Rules War :: Six Years On

It's been over two years since I last commented on the state of play [sic] in the Northern League. This series of posts started in 2008 when DBM was in decline and Field of Glory was well ahead of DBMM in the "race" for DBM's crown as the most popular set of rules for the Ancient & Medieval periods. By the end of 2010 FOG was clearly the most popular rule set in the Northern League with an average share of 79% of the registered players.

So what's happened since? Well, 2012 saw the first ever FOG Renaissance (FOG R) competition and it was the last full year where the original version of FOG Ancient & Medieval (FOG) was used. I wondered whether the former had affected overall attendance and player choice. So I "crunched" the numbers and the results are in the table below:



So what do the numbers say? Well I spotted the following trends:
  • In 2011-12 average player attendance increased to 45-46 up from 41-42 in 2008-10.
  • In 2012 the maximum numbers of players attending any one round broke 50 for the first time since 2006.
  • DBMM grew steadily, returning to its 2009 peak of 12 players per round.
  • In 2012 the DBMM competition saw its best ever attendance for any one round: 15 players.
  • FOG peaked in 2011 with an average of 35 players per round falling back somewhat in 2012.
  • In 2012 FOG R attracted an average of 6 players per round; many were former FOG players.
It's pleasing to see the rude health of the Northern League and let's hope 2013 continues this trend. The above doesn't show any influence from the release of version 2 of FOG AM; only this year's data will do that. Having said that the numbers for the first round of 2013 are available and are quite illuminating:
  • Overall attendance remained strong with 48 players in attendance compared to 52 (2012) and 41(2011).
  • DBMM was up on previous years as was FOG R; both had 13 players.
  • FOG AM was down significantly with only 22 players compared to 36 (2012) and 31 (2011).
All comparisons are for the same round in preceding years. Clearly, FOG R has continued to attract players who used to participate in the Ancient & Medieval competition. It'll be interesting to see if this trend holds throughout the year.

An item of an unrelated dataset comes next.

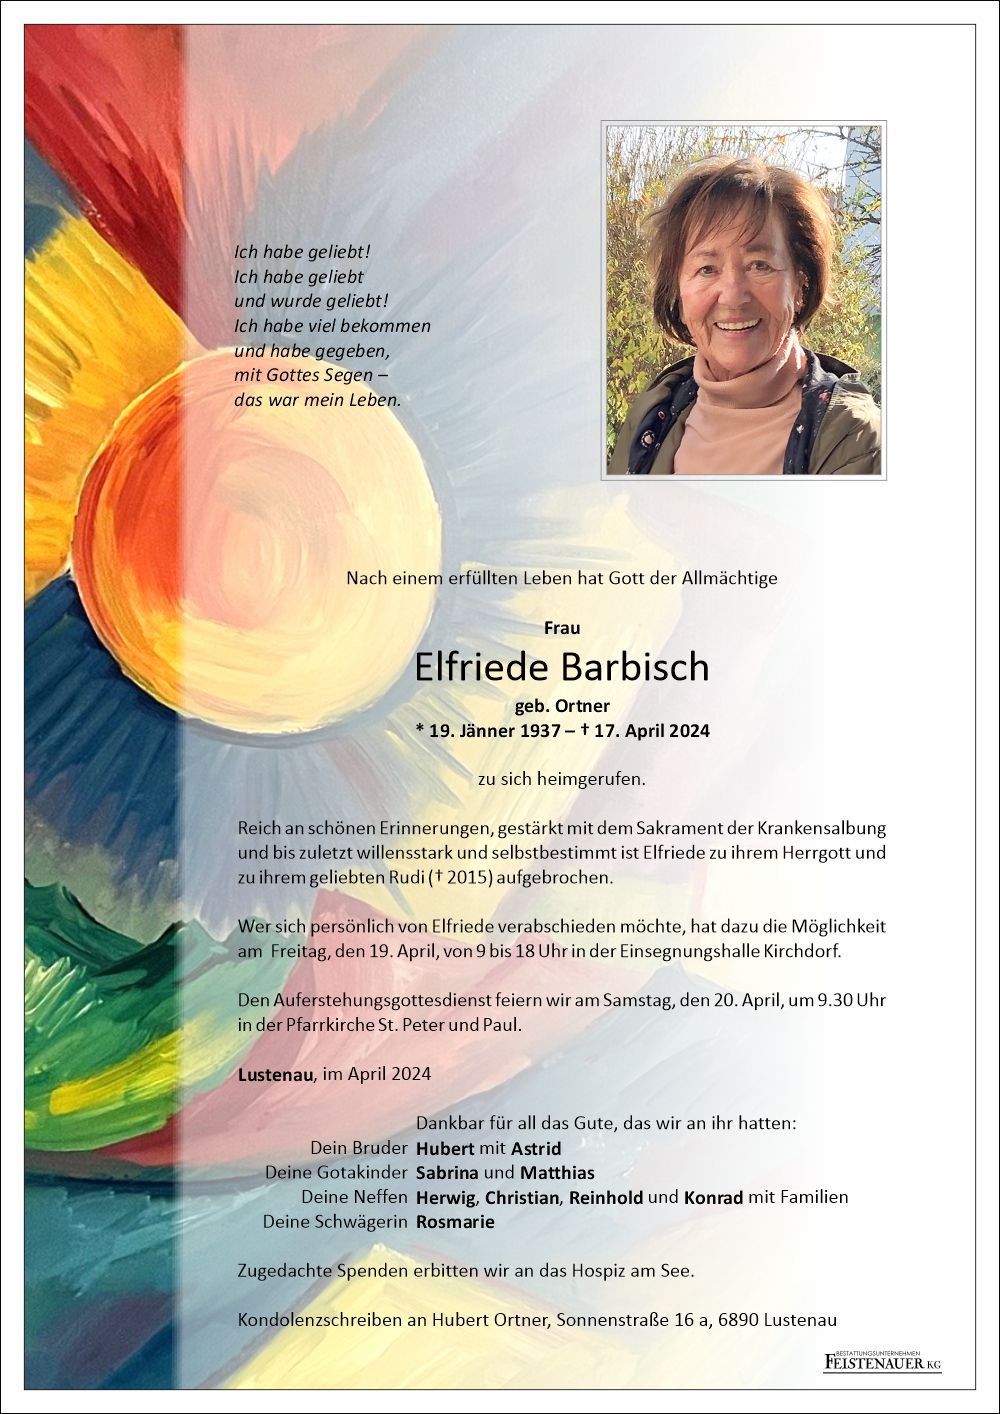 Elfriede Barbisch
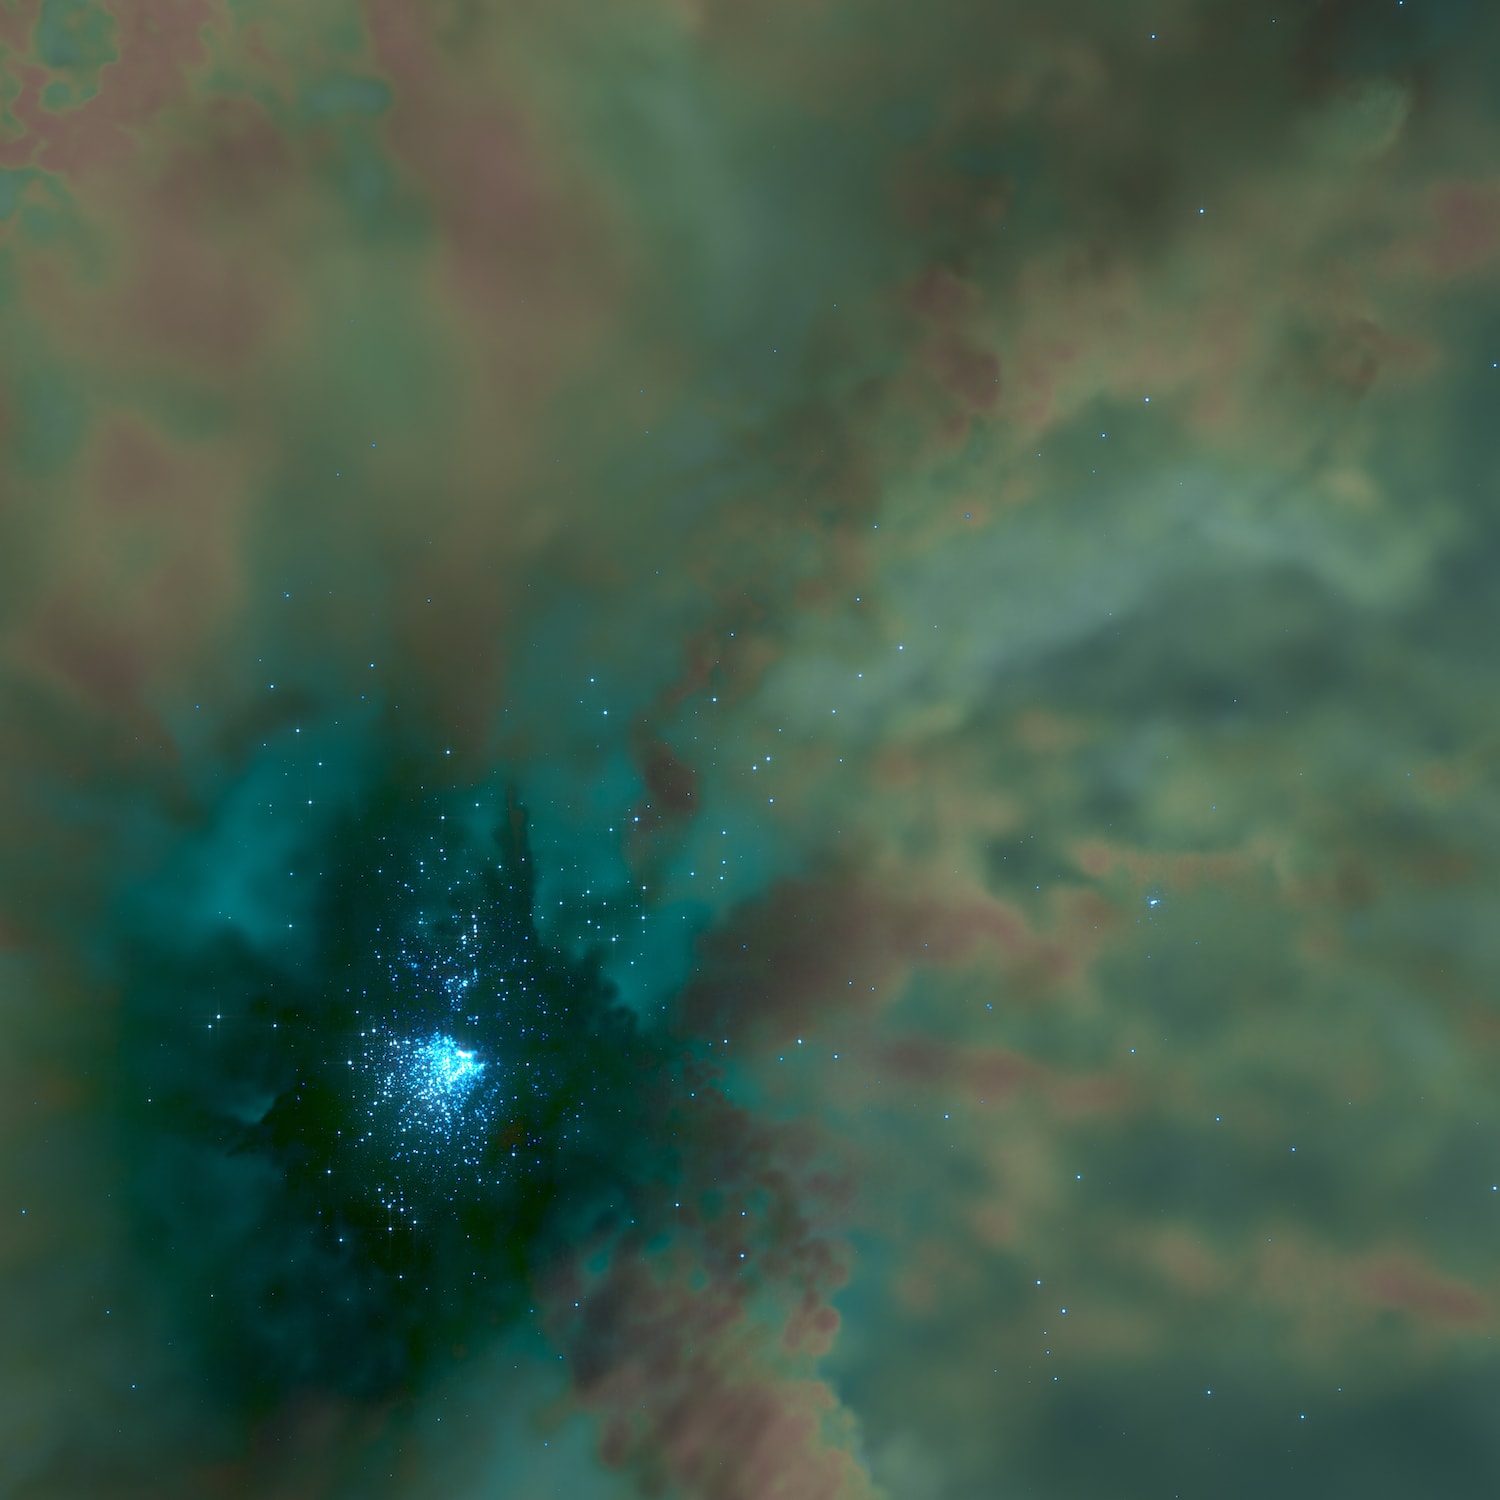 図1．シミュレーションで再現された形成中の球状星団。左下の青白い点一つ一つが星団の星を表し、その周りの“もや”は星間ガスを表す。色は温度を表していて、暗い部分が温度の低い星間ガス（分子雲）、明るい部分が温度の高い星間ガスを表す。可視化：武田隆顕（ヴェイサエンターテイメント株式会社）。（Credit: 藤井通子、武田隆顕）

How much of the growth in FOG R, and the decline in FOG, is down to the release of FOG v2 late last year is hard to say. The first round used FOG v1 but the FOG players voted to use v2 for all future rounds; only those playing in the first round voted.

I know that I faced a choice between learning FOG v2 or trying FOG R. In the end I decided to try a "new" period and will postpone buying a copy of FOG v2 until much later in the year. Perhaps I can save a few quid and pick one up at Britcon? Who knows.